The compositions of the present invention may further comprise at least one active agent selected from the group consisting of i) salts, ii) hydrotropes, iii) organic solvents, and mixtures thereof.

salt:
The compositions of the present invention may comprise from about 0.05% to about 2%, preferably from about 0.1% to about 1.5%, or more preferably from about 0.5% to about 1% by weight of the total composition of a salt, preferably a monovalent or divalent inorganic salt, or mixtures thereof, more preferably a salt selected from sodium chloride, sodium sulfate, and mixtures thereof.

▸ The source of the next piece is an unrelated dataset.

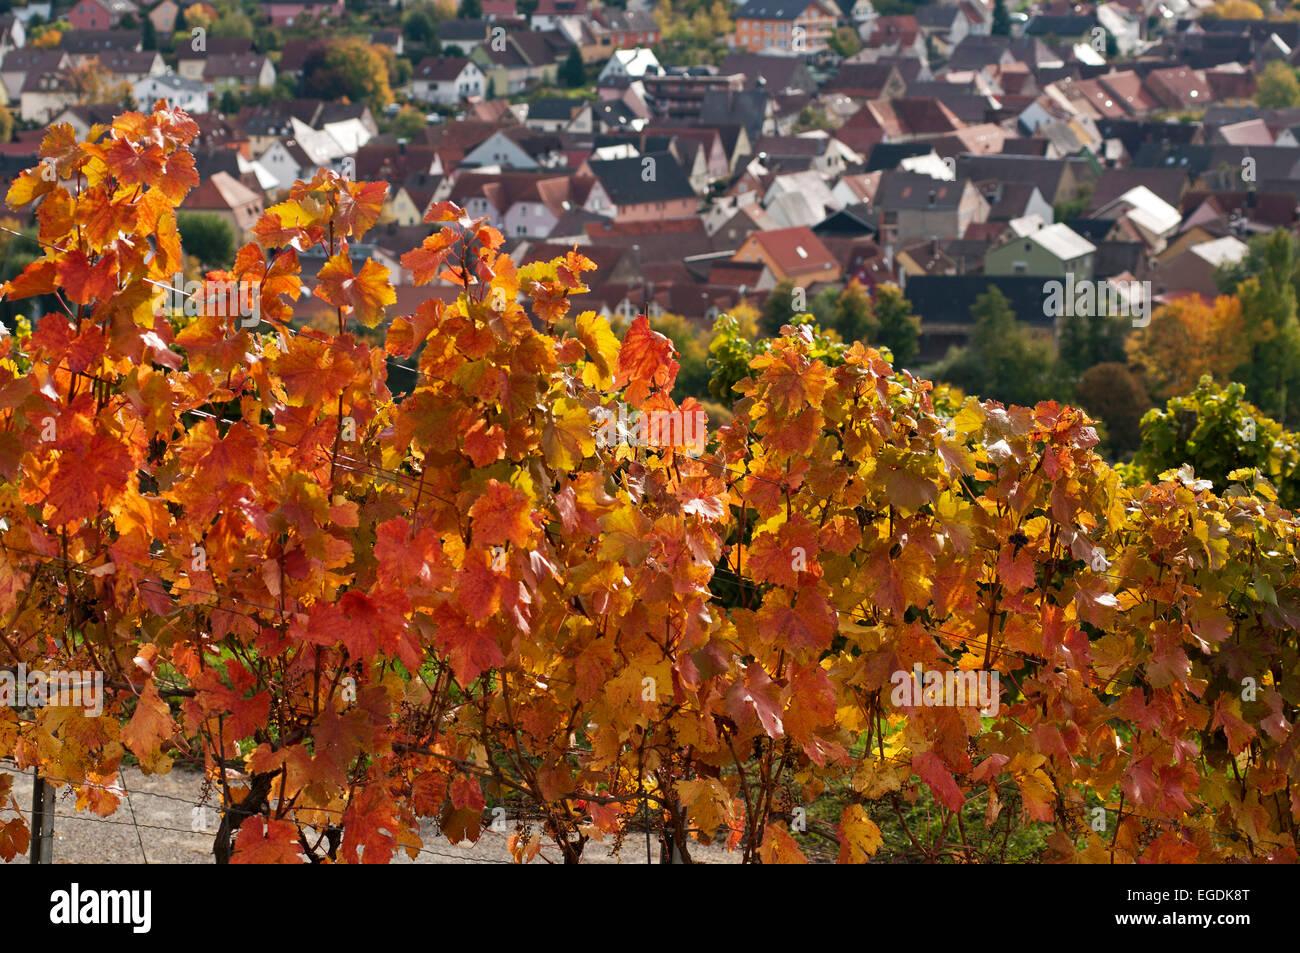 Vineyards along the Wine educational trail, Markelsheim, Franconia, Bavaria, Germany - Stock Image
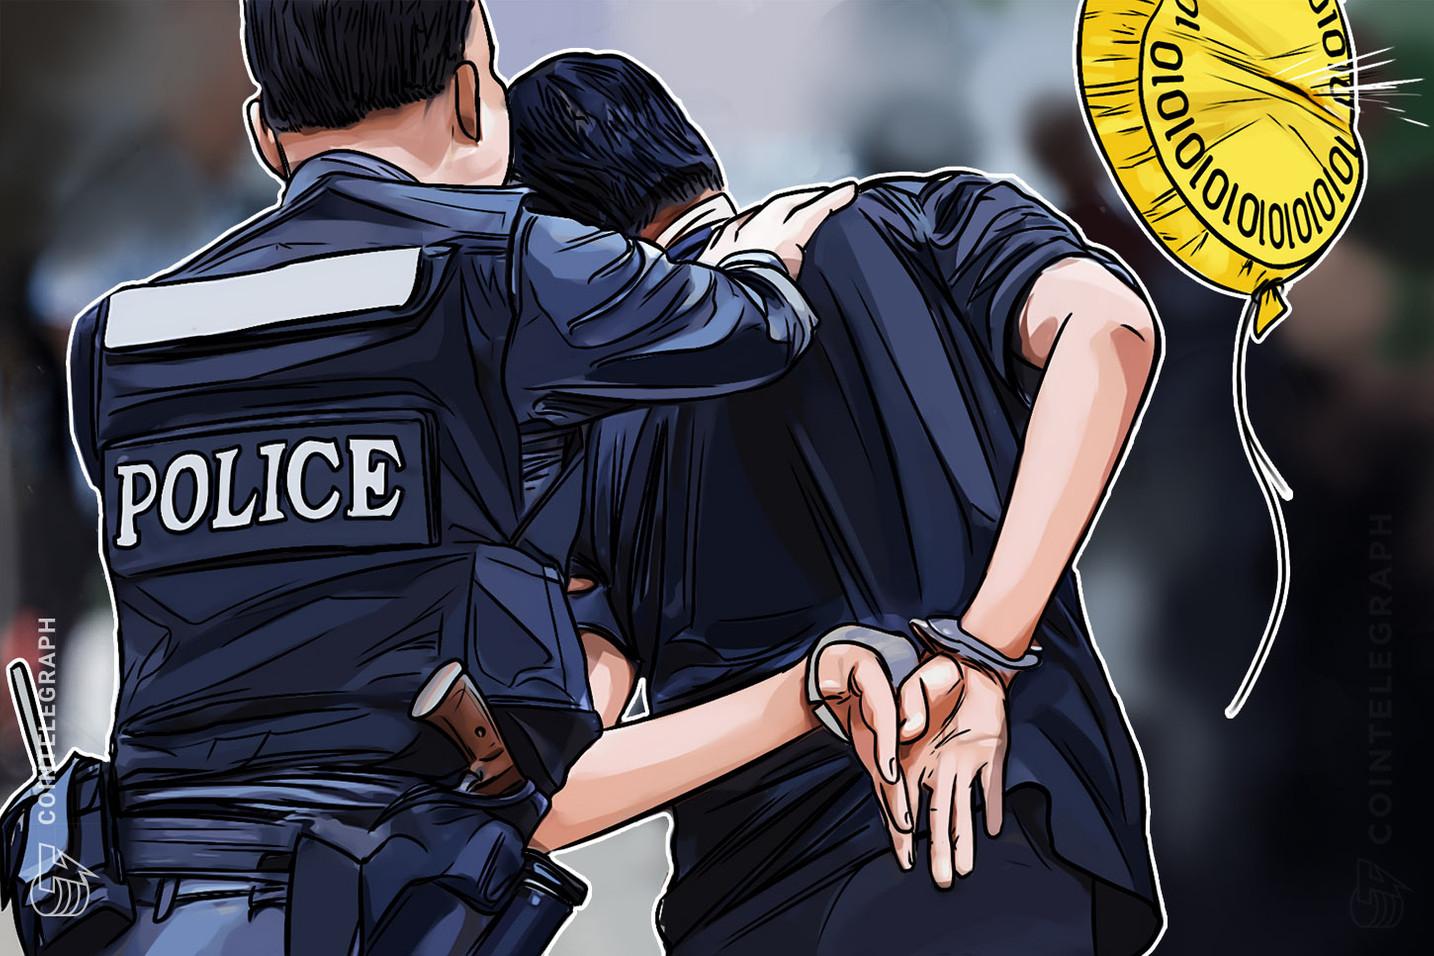 """عاجل: احتجاز مؤسس بورصة العملات المشفرة """"أوكي إكس"""" بتهم الاحتيال بالعملات المشفرة في الصين"""

Sodium chloride is most preferred.

Hydrotropes:
The compositions of the present invention may comprise from about 0.1% to about 10%, or preferably from about 0.5% to about 10%, or more preferably from about 1% to about 10%, by weight of the total composition of a hydrotrope or mixture thereof, preferably sodium cumene sulfonate.

Organic solvents:
The composition may comprise from about 0.1% to about 10% by weight, or preferably from about 0.5% to about 10% by weight, or more preferably from about 1% to about 10% by weight, of an organic solvent based on the weight of the entire composition. Suitable organic solvents include organic solvents selected from the group consisting of alcohols, glycols, glycol ethers, and mixtures thereof, preferably alcohols, glycols, and mixtures thereof. Ethanol is a preferred alcohol. Polyalkylene glycols, especially polypropylene glycols, are preferred glycols, with polypropylene glycols having a weight average molecular weight of 750 Da to 1,400 Da being particularly preferred.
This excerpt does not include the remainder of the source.